The initially resting electron begins to move under the action of the forces of a uniform electric field with an intensity

The initially resting electron begins to move under the action of the forces of a uniform electric field with an intensity of E = 2.0 · 10 ^ 5 V / m. What speed (in Mm / s) an electron will acquire in 1.0 ns What distance (in mm) will an electron fly during this time?

E = 2 * 10 ^ 5 V / m.
t = 1 ns = 1 * 10 ^ -9 s.
q = 1.6 * 10 ^ -19 Cl.
m = 9.1 * 10 ^ -31 kg.
V0 = 0 m / s.
V -?
S -?
The force F acts on the electron, the value of which is determined by the formula: F = q * E.
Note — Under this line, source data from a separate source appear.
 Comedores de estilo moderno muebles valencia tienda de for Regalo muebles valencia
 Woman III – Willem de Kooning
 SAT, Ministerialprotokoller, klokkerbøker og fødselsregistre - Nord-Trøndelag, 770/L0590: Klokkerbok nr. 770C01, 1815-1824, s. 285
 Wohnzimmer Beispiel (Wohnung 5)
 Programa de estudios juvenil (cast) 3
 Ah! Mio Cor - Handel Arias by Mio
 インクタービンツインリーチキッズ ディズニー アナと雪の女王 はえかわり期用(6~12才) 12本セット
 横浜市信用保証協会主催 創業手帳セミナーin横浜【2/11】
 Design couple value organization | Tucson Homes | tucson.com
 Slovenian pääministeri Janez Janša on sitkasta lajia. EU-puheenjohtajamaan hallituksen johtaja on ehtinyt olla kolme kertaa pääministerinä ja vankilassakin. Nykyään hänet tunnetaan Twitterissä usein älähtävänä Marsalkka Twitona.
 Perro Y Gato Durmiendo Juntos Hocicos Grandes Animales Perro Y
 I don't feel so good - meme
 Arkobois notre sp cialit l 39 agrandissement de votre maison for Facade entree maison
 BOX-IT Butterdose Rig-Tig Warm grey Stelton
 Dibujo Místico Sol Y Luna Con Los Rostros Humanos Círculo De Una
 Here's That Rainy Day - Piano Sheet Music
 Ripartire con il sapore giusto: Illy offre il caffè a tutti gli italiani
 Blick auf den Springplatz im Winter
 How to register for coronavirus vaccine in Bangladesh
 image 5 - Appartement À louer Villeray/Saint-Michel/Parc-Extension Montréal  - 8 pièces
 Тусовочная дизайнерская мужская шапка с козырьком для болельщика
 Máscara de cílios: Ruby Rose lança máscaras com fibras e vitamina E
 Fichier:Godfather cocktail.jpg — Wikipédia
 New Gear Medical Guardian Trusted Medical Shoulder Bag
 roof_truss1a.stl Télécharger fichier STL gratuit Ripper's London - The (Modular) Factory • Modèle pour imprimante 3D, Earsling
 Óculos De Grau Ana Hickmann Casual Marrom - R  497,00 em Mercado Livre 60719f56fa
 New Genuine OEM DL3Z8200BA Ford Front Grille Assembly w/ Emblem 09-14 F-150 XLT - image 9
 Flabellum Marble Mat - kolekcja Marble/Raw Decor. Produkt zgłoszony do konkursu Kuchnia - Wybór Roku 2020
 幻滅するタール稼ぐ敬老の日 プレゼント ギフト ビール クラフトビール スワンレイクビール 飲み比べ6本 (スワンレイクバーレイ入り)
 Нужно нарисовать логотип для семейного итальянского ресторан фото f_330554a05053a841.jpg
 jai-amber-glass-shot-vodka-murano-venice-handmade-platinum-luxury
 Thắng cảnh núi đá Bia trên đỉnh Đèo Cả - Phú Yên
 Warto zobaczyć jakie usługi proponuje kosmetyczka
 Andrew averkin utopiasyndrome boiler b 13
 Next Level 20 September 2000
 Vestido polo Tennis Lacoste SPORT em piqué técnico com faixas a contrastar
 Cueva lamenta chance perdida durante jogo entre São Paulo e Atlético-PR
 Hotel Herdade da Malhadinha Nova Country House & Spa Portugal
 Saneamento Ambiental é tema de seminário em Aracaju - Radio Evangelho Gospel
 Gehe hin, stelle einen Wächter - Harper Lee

Let’s write Newton’s 2 law for an electron: F = m * a.
q * E = m * a.
Let us express the acceleration of an electron: a = q * E / m.
a = 1.6 * 10 ^ -19 C * 2 * 10 ^ 5 V / m / 9.1 * 10 ^ -31 kg = 35 * 10 ^ 15 m / s ^ 2.
Let us express the acceleration of an electron by another formula: a = (V – V0) / t. since V0 = 0 m / s, then a = V / t.
q * E / m = V / t.
V = q * E * t / m.
V = 1.6 * 10 ^ -19 C * 2 * 10 ^ 5 V / m 1 * 10 ^ -9 s / 9.1 * 10 ^ -31 kg = 35 * 10 ^ 6 m / s = 35 Mm / from.
The distance S that the electron flew is found by the formula: S = V ^ 2 / 2a.
S = (35 * 10 ^ 6 m / s) ^ 2/2 * 35 * 10 ^ 15 m / s ^ 2 = 17.5 * 10 ^ -3 m = 0.0175 m.
Answer: the speed of the electron is V = 35 Mm / s, the movement of the electron is S = 0.0175 m.